That so many people feel similarly is not “a question of what track we’re on, but a question of speed of progress,” said Lester Spence, a professor of political science and Africana Studies at the Johns Hopkins University.

“With the [challenges] we have now and the challenges we have coming, we need significant transformation. And we just don’t seem to have the institutional capacity to begin that process,” he said.

Mayor Scott likened his efforts to tackling the city’s systemic challenges — noting many of them have grown worse decade after decade, such as the legacy of redlining — to turning around a cruise ship.

‘And we’re not just talking about a cruise ship. We’re talking about turning around the Titanic, with the iceberg in half of the boat,” he said. “The dysfunction, the turmoil, the misplaced focus … city government was broken. When I came into office, folks were still signing their time sheets by hand.”

The Democrat invoked some of his signature moves as transformative, from the pilot of his Group Violence Reduction Strategy in the Western District, where homicides and non-fatal shootings are down by 40% and 18%, respectively, year-over-year since its implementation in late January, to installing a city administrator, who handles tasks as menial as paying overdue contractor fees and making employees set up their voicemail system, to opening brand new and once-shuttered rec centers. But, he said, he understands why residents are frustrated with the city’s enduring trials.

“The answer really is, yes and no,” Scott said. “Yes, we’re moving fast. But no, we’re not getting to where I want us to be at the speed I want to move at.”

How Baltimoreans want to reduce crime

Both crime and strategies to reduce it are at the top of respondents’ minds. The poll presented a list of ways that lawmakers could address crime in Baltimore — nearly all of which received widespread support.

“Baltimoreans are looking for a solution, and I think they’re willing to hear all ideas,” Kromer said.

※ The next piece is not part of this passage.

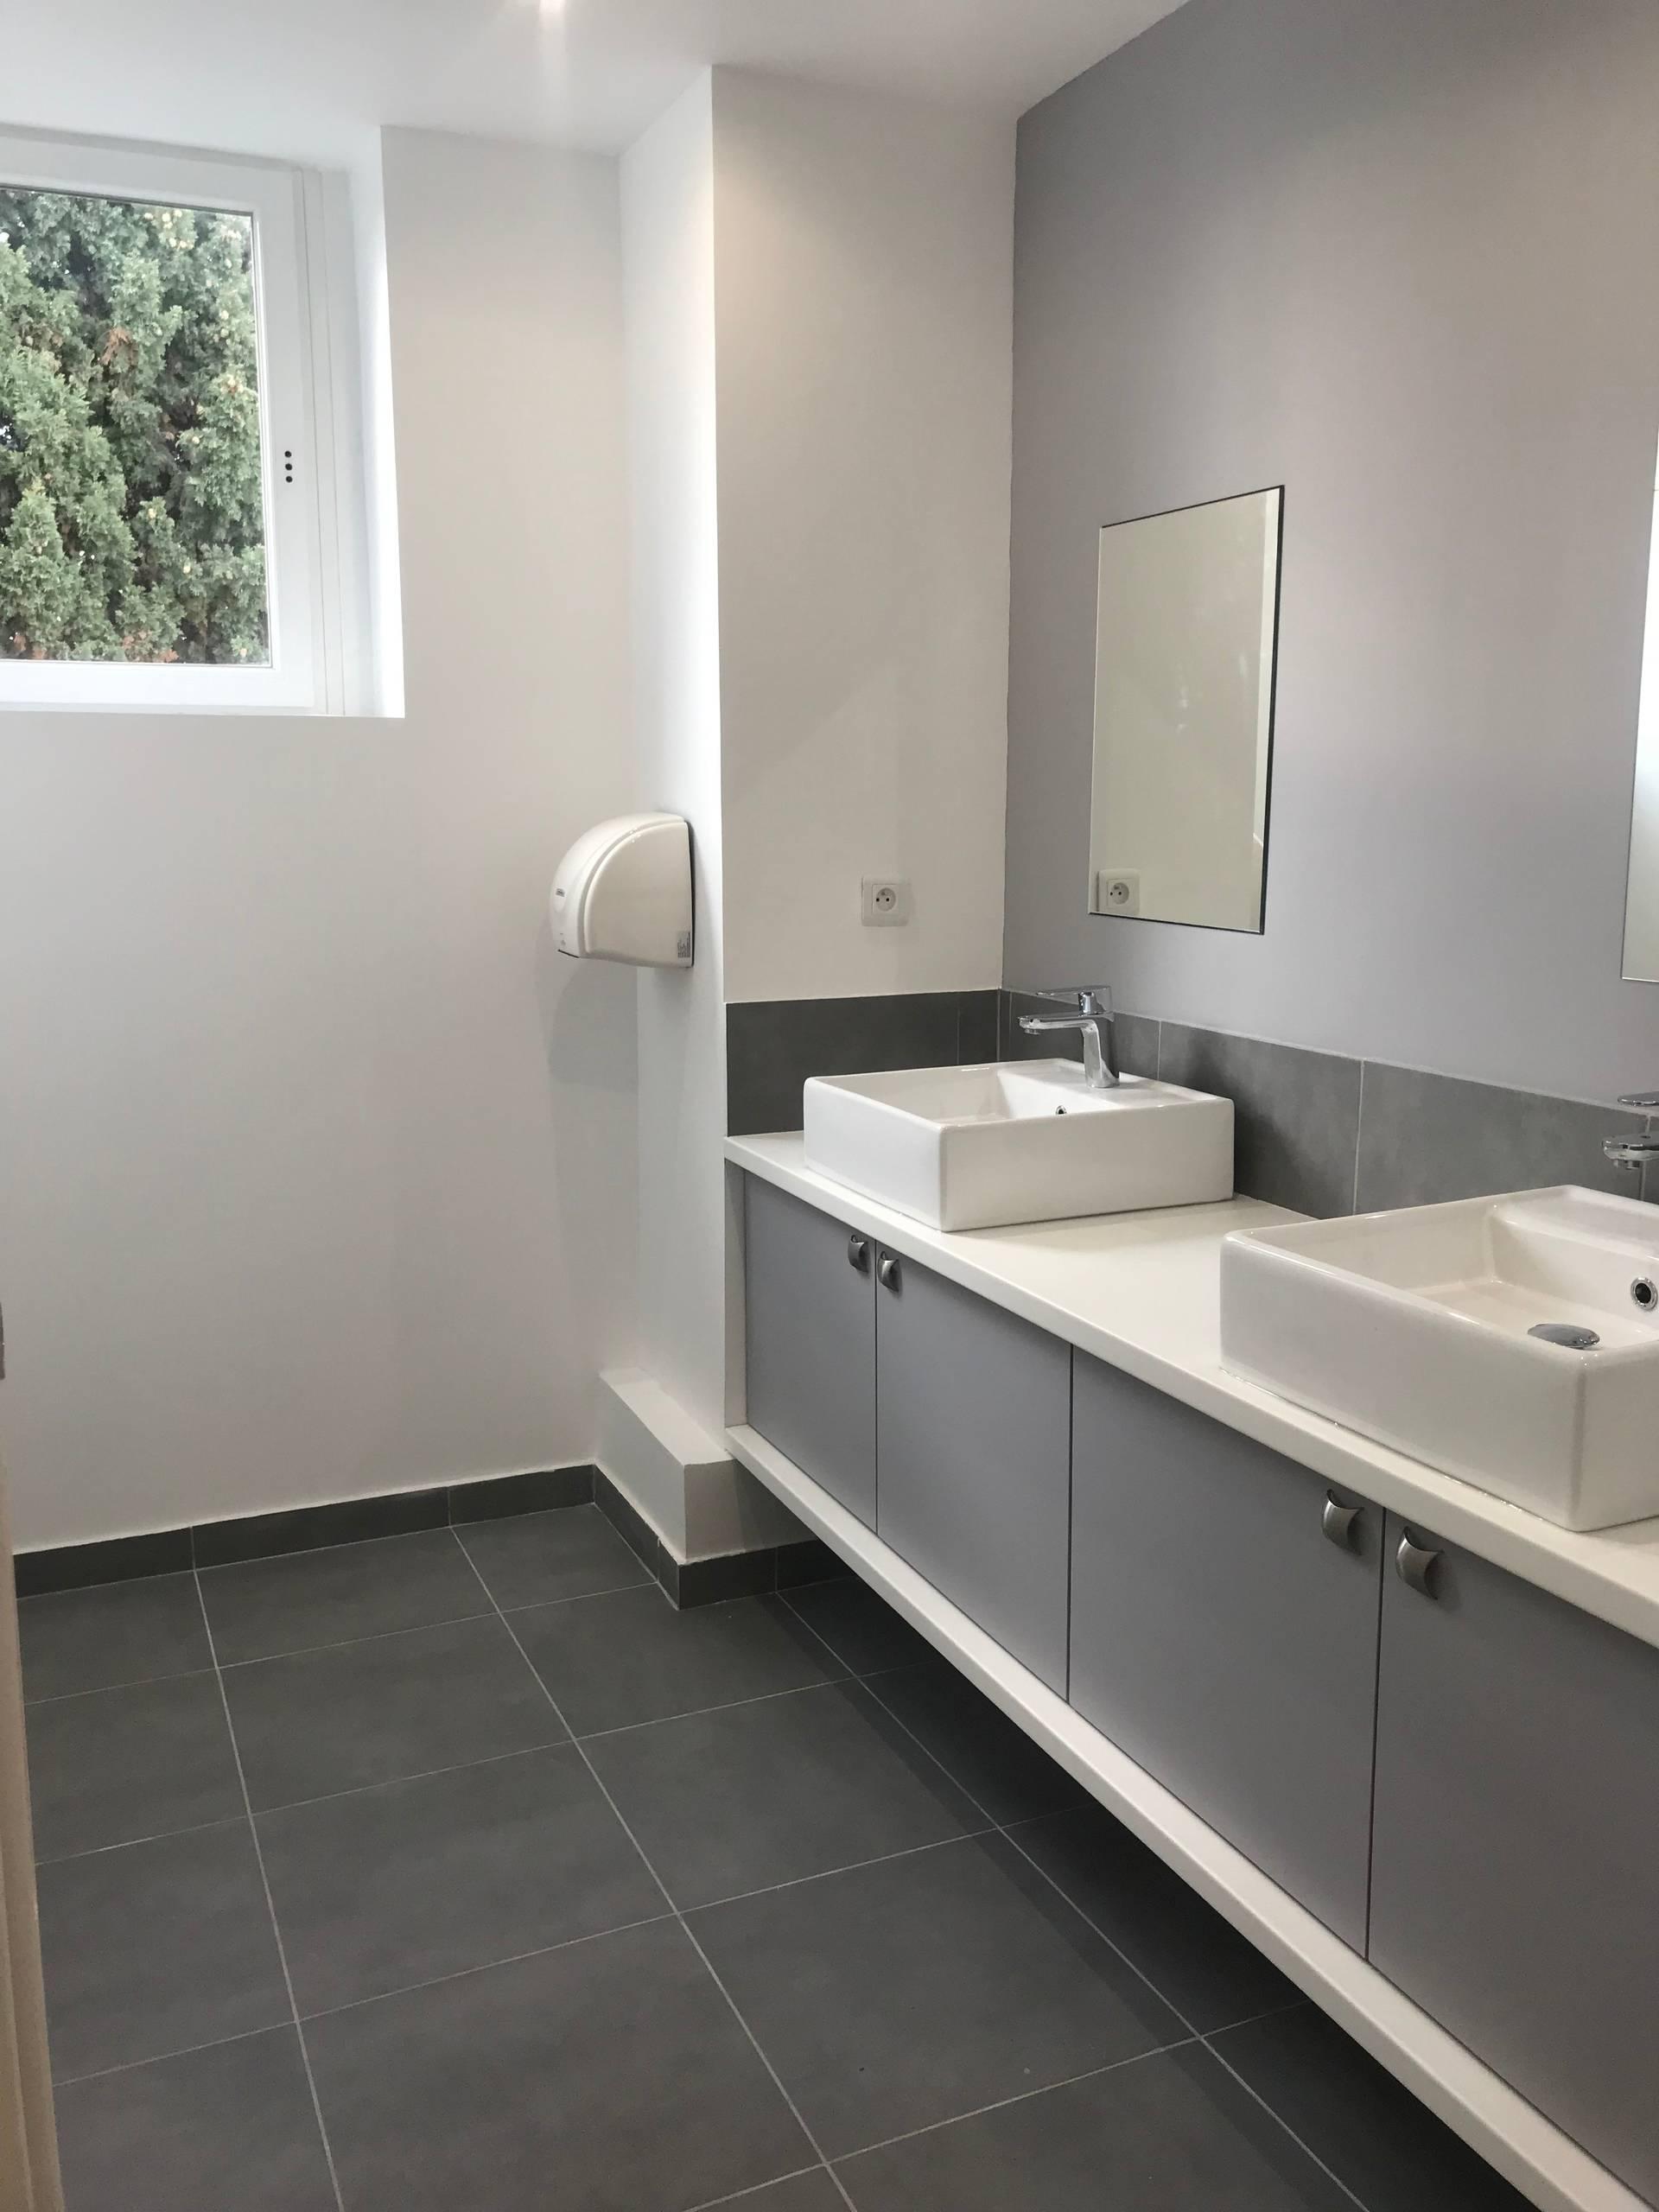 Rénovation de sanitaires avec mise aux normes PMR dans une immeuble de bureaux

The Baltimore Now poll found that 81% of residents support imposing harsher punishments for violent offenders, 80% support increasing police presence and the number of patrols throughout the city, 80% support imposing stricter gun control laws and related punishments for gun crimes and 72% support violence prevention programs like Safe Streets, which sends trusted community members to intervene in interpersonal conflicts at risk of erupting into violence. More than half support increasing the rate of prosecution for non-violent offenses like drug use, petty theft and vandalism.

For Anderson, of Old Goucher, the police presence equation is a simple one: “We need to have more police on the street as a deterrent to prevent things from happening. Police can’t be everywhere at all times, and crime will happen, but if they’re posted up at a corner, there will be less crime there.”

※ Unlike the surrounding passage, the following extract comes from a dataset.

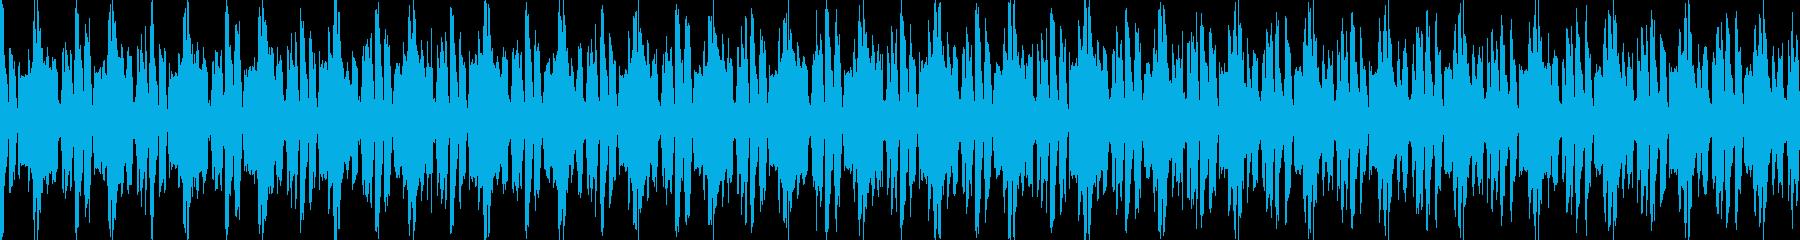 軽快でコミカルな日常系ジングルの再生済みの波形

When asked their opinion on allocating funding from the police budget to various social, mental health and drug treatment programs, 67% expressed support. Black and white residents’ stances were nearly identical.

But when asked in a separate question about changing BPD’s funding, 44% of respondents said it should be increased, 29% said funding should stay the same and just 16% said funding should be decreased.

Black and white Baltimoreans generally answered similarly — 16% of Black and 18% of white respondents said the budget should be decreased, 33% of Black respondents and 22% of white respondents said it should be kept about the same and 41% of Black respondents and 49% of white respondents thought it should be increased.

Roger Hartley, the dean of the College of Public Affairs at the University of Baltimore, attributed the difference to how the questions were posed.

“When you raise what the tradeoffs are, you get a different response,” he said. “Even if people aren’t making the linkage to crime between schools and community centers, at the very least this says, ‘We want our government to do more, we’re concerned about our neighborhoods, we’re concerned about our youth.’ "

The majority have mulled a move — but are optimistic, too

Many of the city’s most persistent problems, from crime to vacancy, are tied to steady population loss. While every other major city in the Northeast corridor experienced at least 5% population growth from 2010 to 2020, Baltimore lost 5.7%, according to the latest census figures.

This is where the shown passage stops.